Deception may indeed just be a banal fact of life, the outrage to which it gives rise often not much more than a psychic reflex.

The epistemological endeavor here is not that of exposing and correcting deceptions, of rehabilitating the truth and our modes of knowing, of giving the surface depth. The concern is to locate the deceptions of the time, of our time and place, in all their specificity: what prompts them; what work they do socially, politically, economically, culturally; what interests they serve; what they hide from view; what they avoid and evade, void, and evince, what social ordering and modes of governance they enable.
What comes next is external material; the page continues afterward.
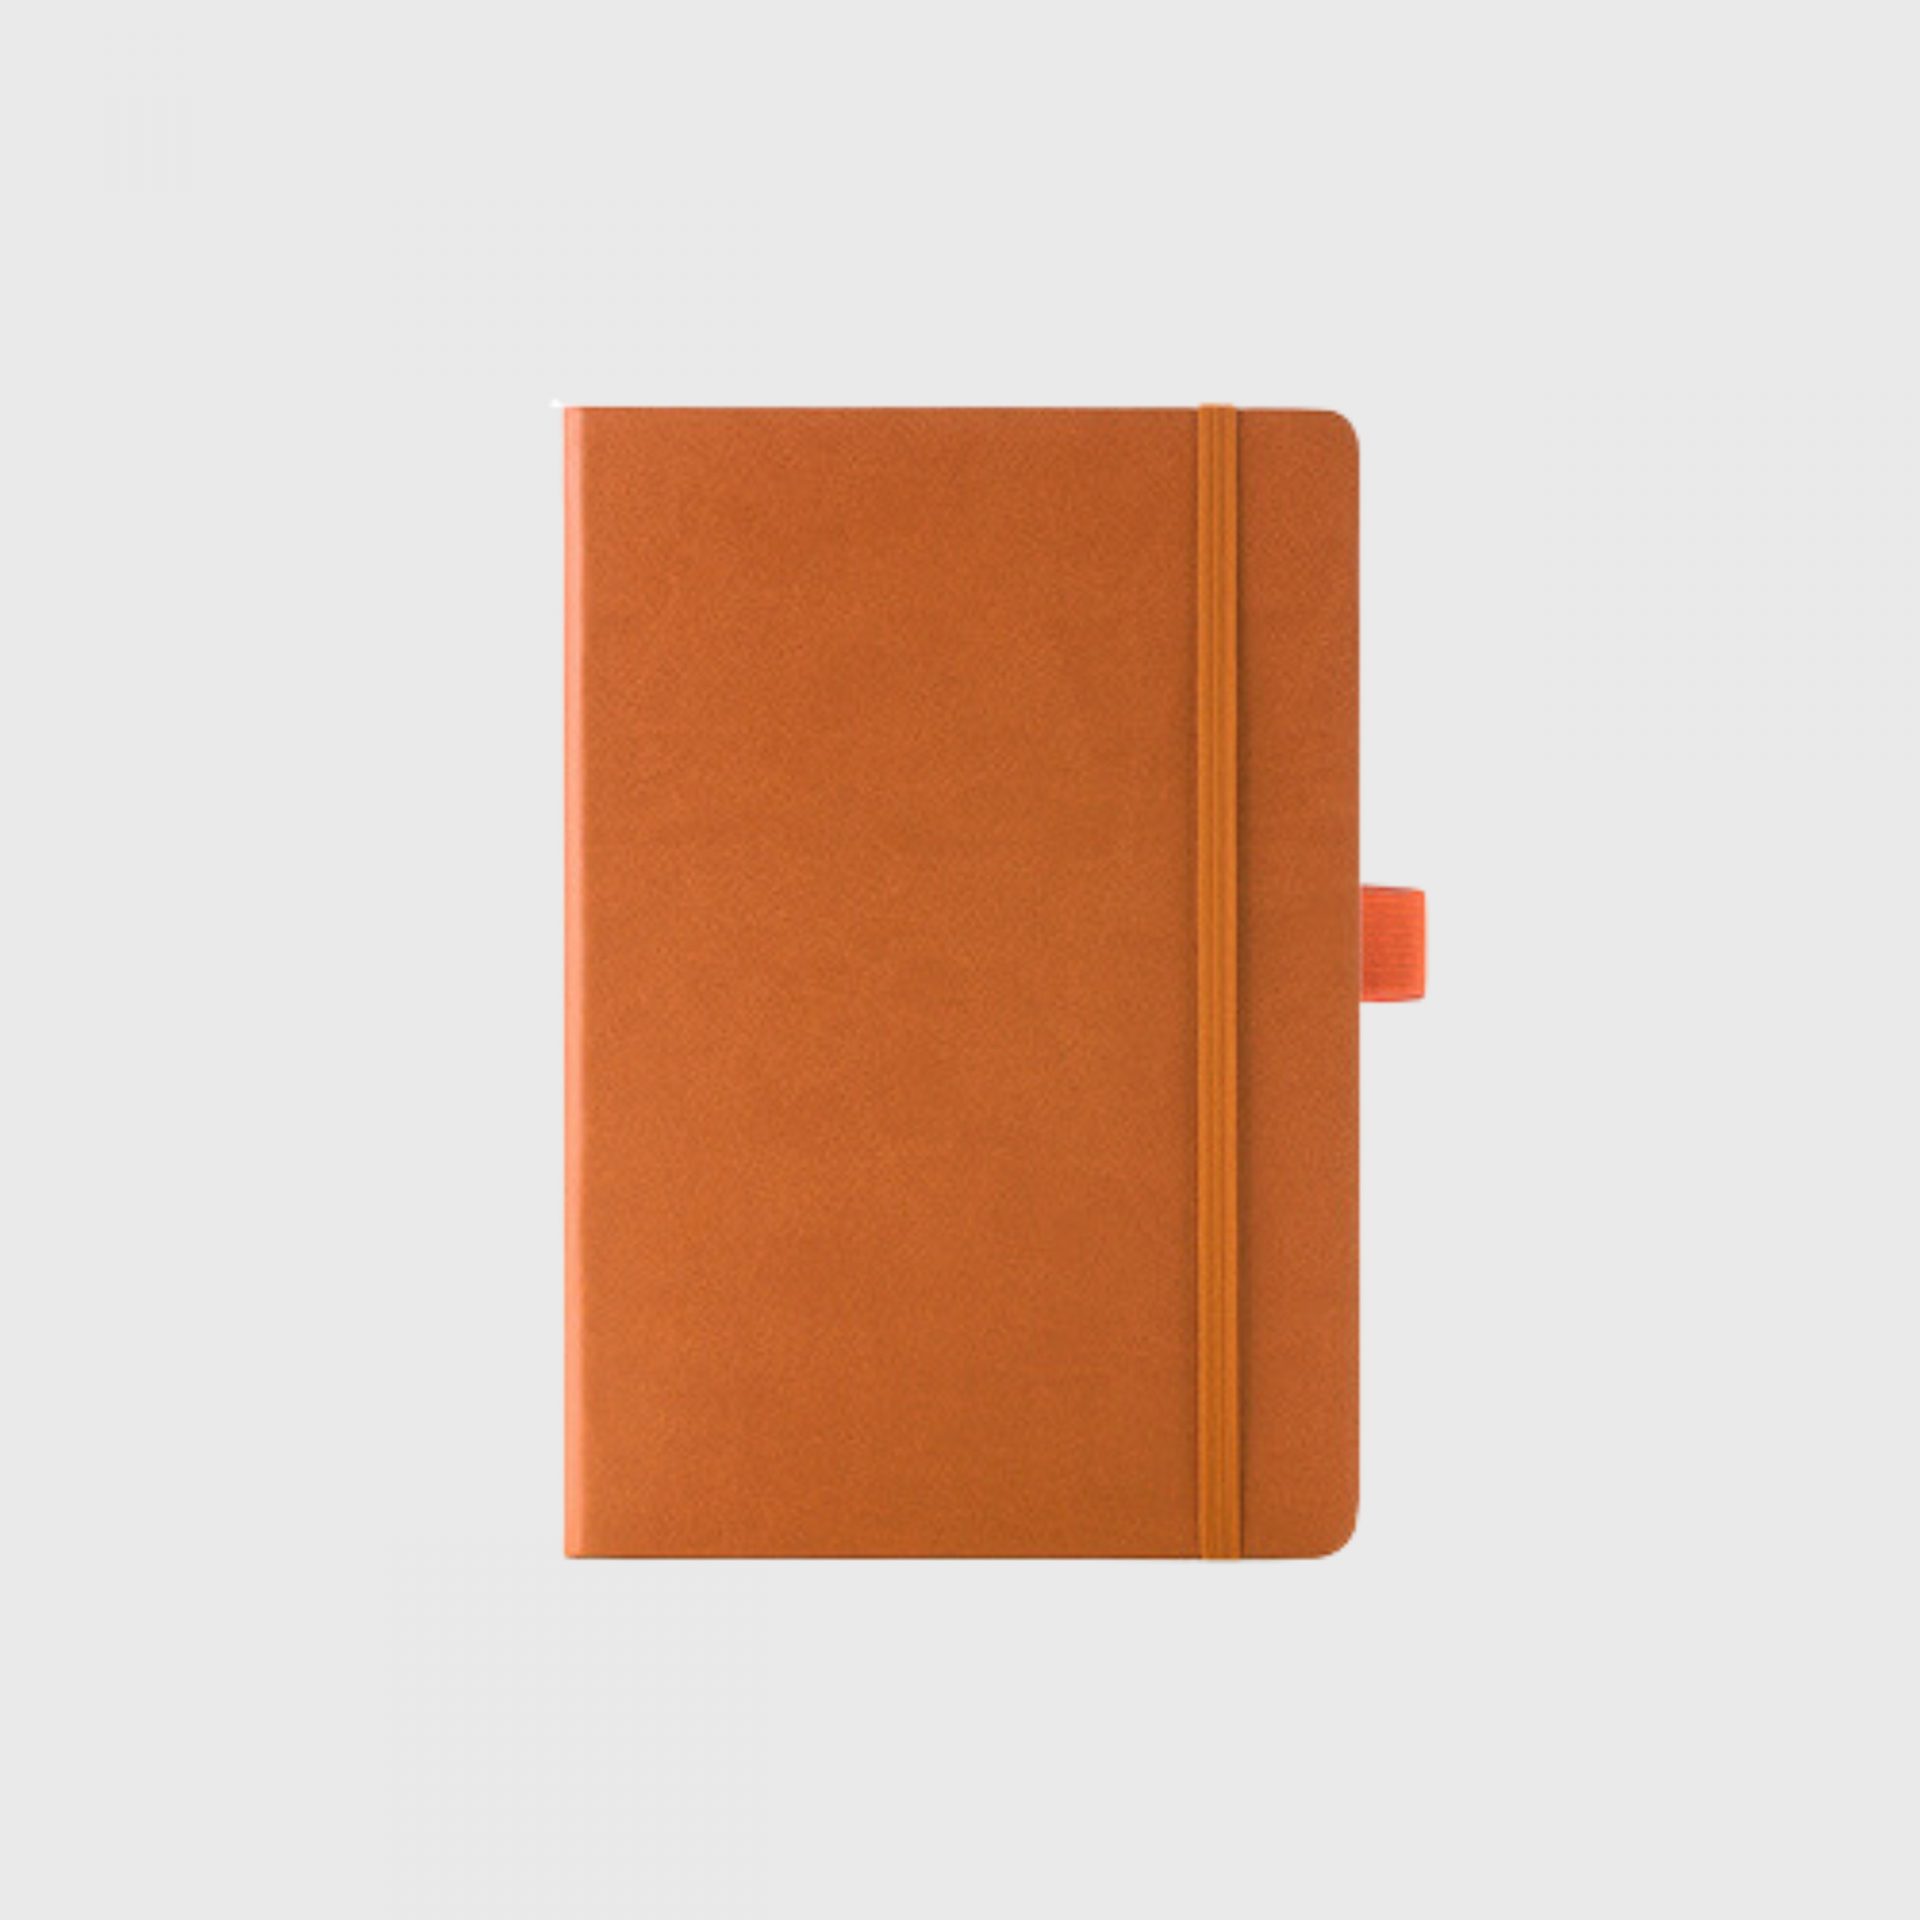 Corporate Gifts Singapore Notebook A5 Soft PU Leather Hard Cover Orange with pen holder

All that is still at the level of the surface-depth model. The focus on deceptions and their conditions of possibility also helps to discern what modes of inhabitation they prompt, what ways of being in accommodation and refusal, acknowledgment and disavowal, being and counter-being (I am tempted to say non-being, alienage and not simply or only alienation). In short, what shape they give to subjectivity and modes of subjection, what violence they make possible or stave off. It should not surprise that games have taken on so central a place in economic and social life today (e.g. massive multi-player online games), nor that (online and televised) poker has become so popular.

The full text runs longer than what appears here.